Corbière was charged as a lawyer with managing the estate of Isaac René Guy le Chapelier, president of the National Constituent Assembly, who had died by the guillotine in 1794.
On 10 Nivôse in the year VIII he married le Chapelier's widow, Marie-Esther de la Marre, said to be the most beautiful woman in Rennes.
She was also richly endowed by her brother, Mathurin de la Marre.
Corbière himself was described as ugly, lame, and with his head buried in the shoulders.
The brilliant match helped advance his career, and under the First French Empire he became president of the general council of Ille-et-Vilaine.

==Bourbon Restoration==

After the fall of the Empire, Corbière became a royalist.
On 22 August 1815 he was elected to the Chamber of Deputies as representative for the Ille-et-Vilaine department.
He sat on the right, beside Jean-Baptiste de Villèle. He was reelected on 4 October 1816.
He was appointed Dean of the Faculty of Law in Rennes, and on 20 September 1817 he was again reelected.
He took a consistently conservative position. After the assassination of Charles Ferdinand, Duke of Berry. he said that "the way to have good deputies is to have a royalist ministry and censored newspapers."
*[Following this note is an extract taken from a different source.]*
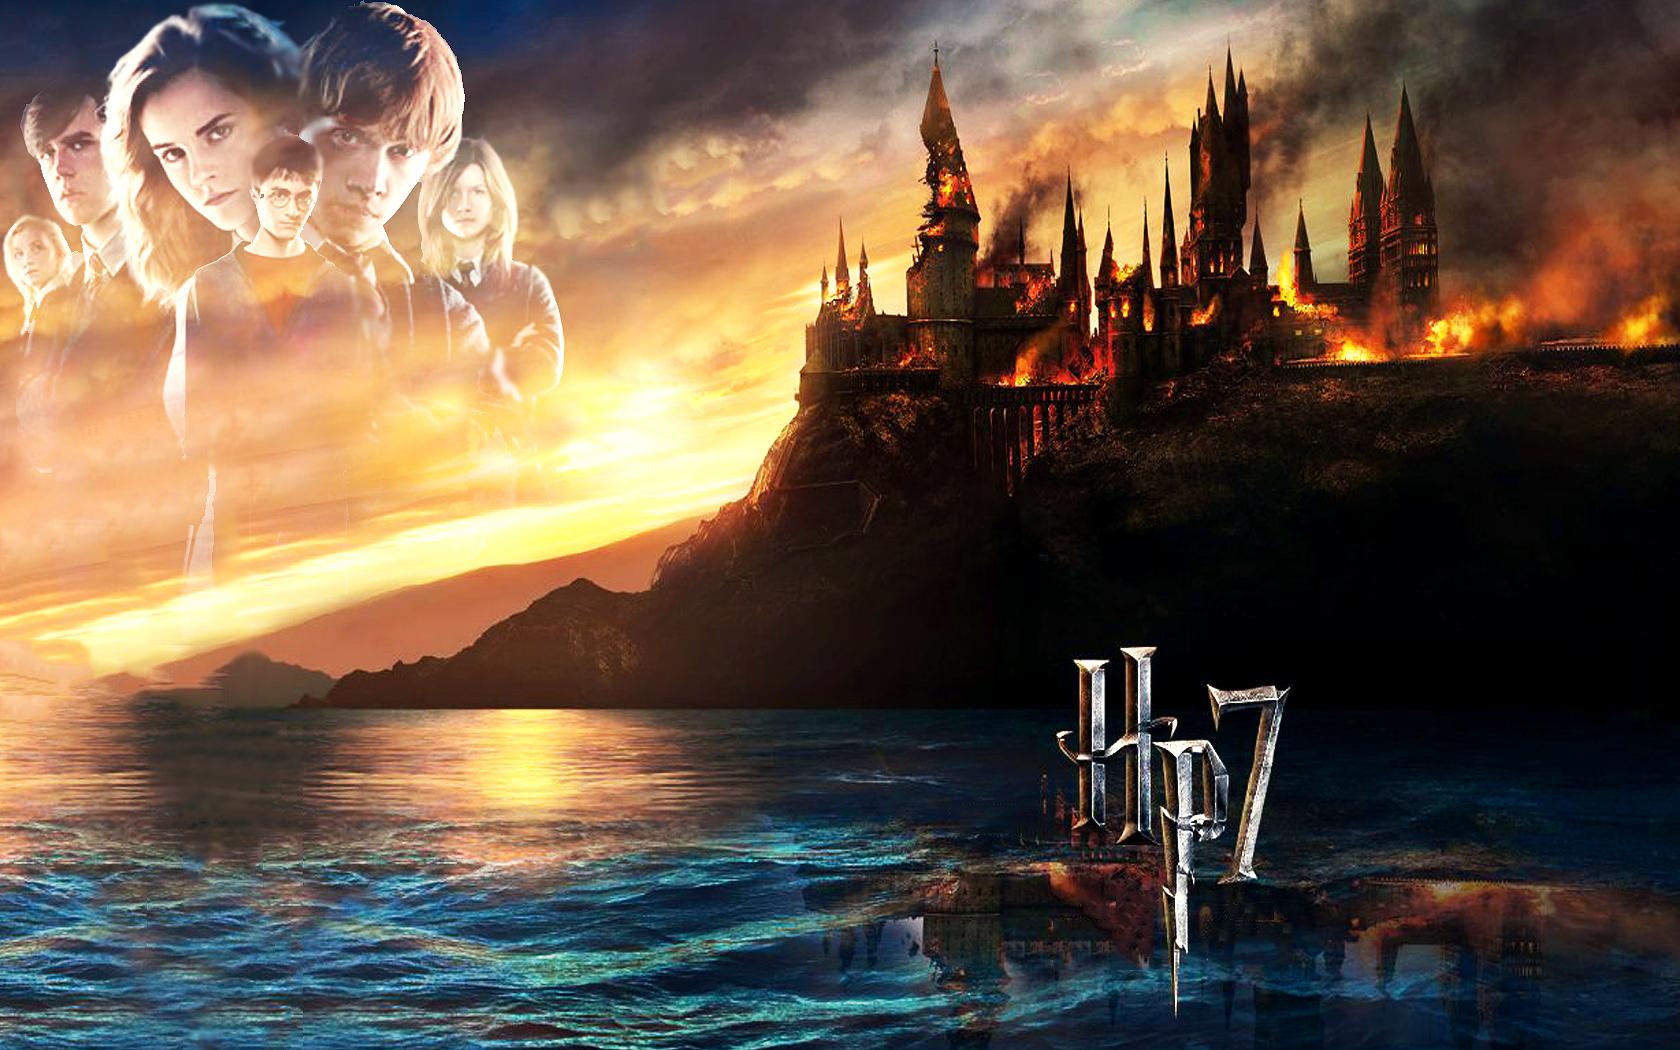 Harry Potter 7 - wallpaper

On 21 December 1820 Corbière was made a Minister of State and president of the Royal Council of Public Education. He wanted to give the church the leading role in education.
In face of growing liberal and irreligious views among college students, Corbière suppressed the École Normale in Paris and other faculties.
He resigned in September 1821 due to opposition to the Simeon-Pasquier cabinet, and returned to Brittany to campaign for the next election.
The majority of those elected were opposed to the cabinet, which was dissolved. On 14 December 1821 Villèle was charged with forming a government.
Corbière was given the Interior portfolio, and was made a count by the king.
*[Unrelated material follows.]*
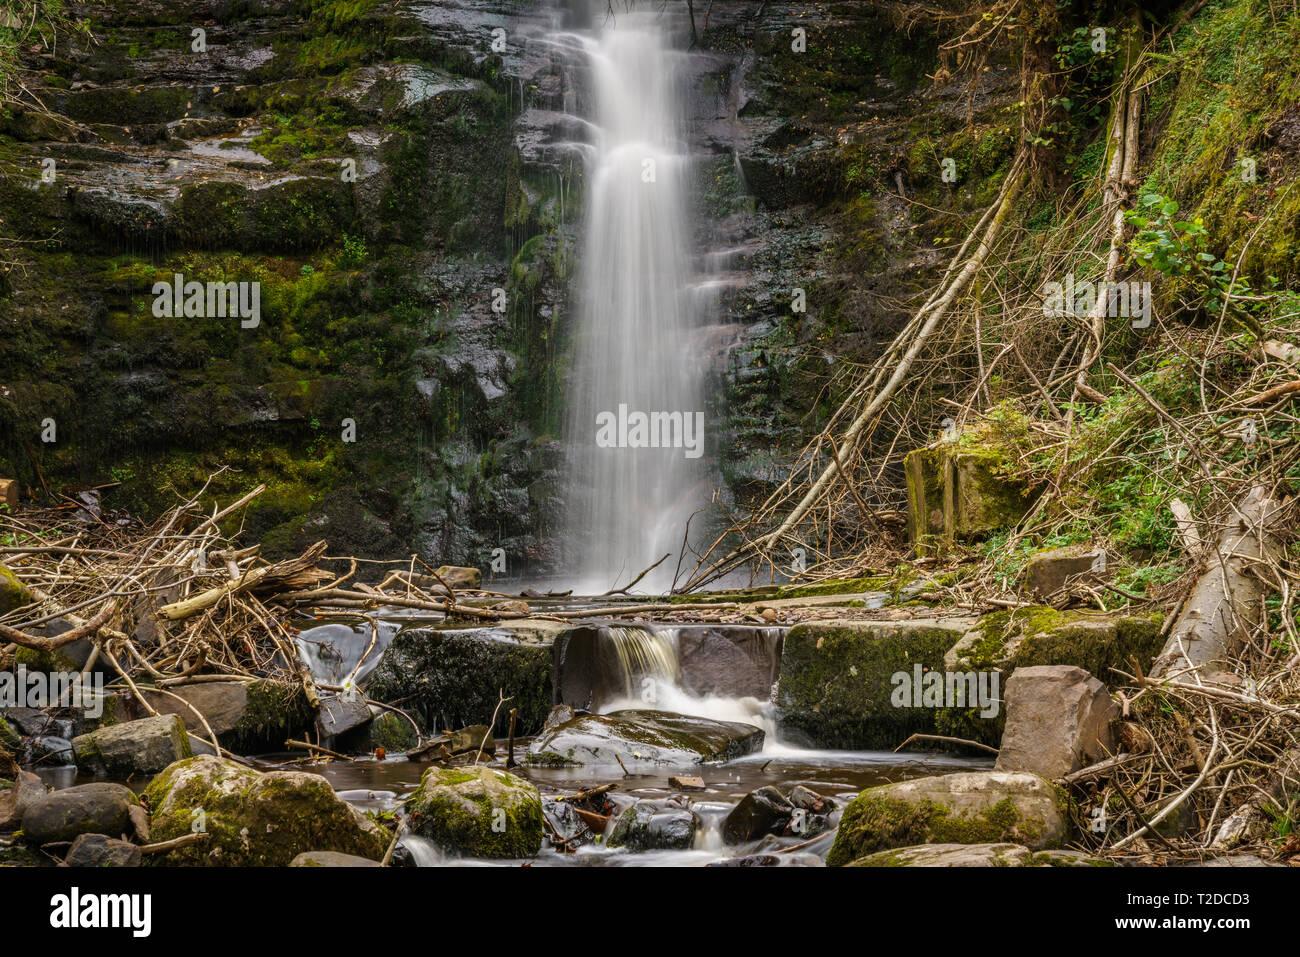 A waterfall in Blaen-y-glyn near Torpantau, Powys, Wales, UK - Stock Image

Corbière fired many personnel, fought liberal education and freedom of the press, tried several times to reestablish censorship, and in 1824 tried to buy all the ultra-royalist newspapers, which gave his department difficulty but were hard to prosecute. He was able to buy the Drapeau blanc, the Gazette de France, the Journal de Paris and other papers, but could not acquire the Quotidienne. M. Michaud had four twelfths of the shares and refused to sell. Michaud was taken to court, but won on appeal.
Corbière dissolved the National Guard of Paris in 1827. He lost his portfolio when the cabinet resigned on 4 January 1828.
The same day he was made a Minister of State, member of the privy council, knight of the Order of the Holy Spirit and a peer of France.

==Last years==

Corbière refused to give swear allegiance to Louis Philippe I after the July Revolution of 1830, and left the chamber of peers.
He retired to Brittany, where he became a passionate collector of old editions of the classics.
Corbière died in Rennes on 12 January 1853. He was aged 86.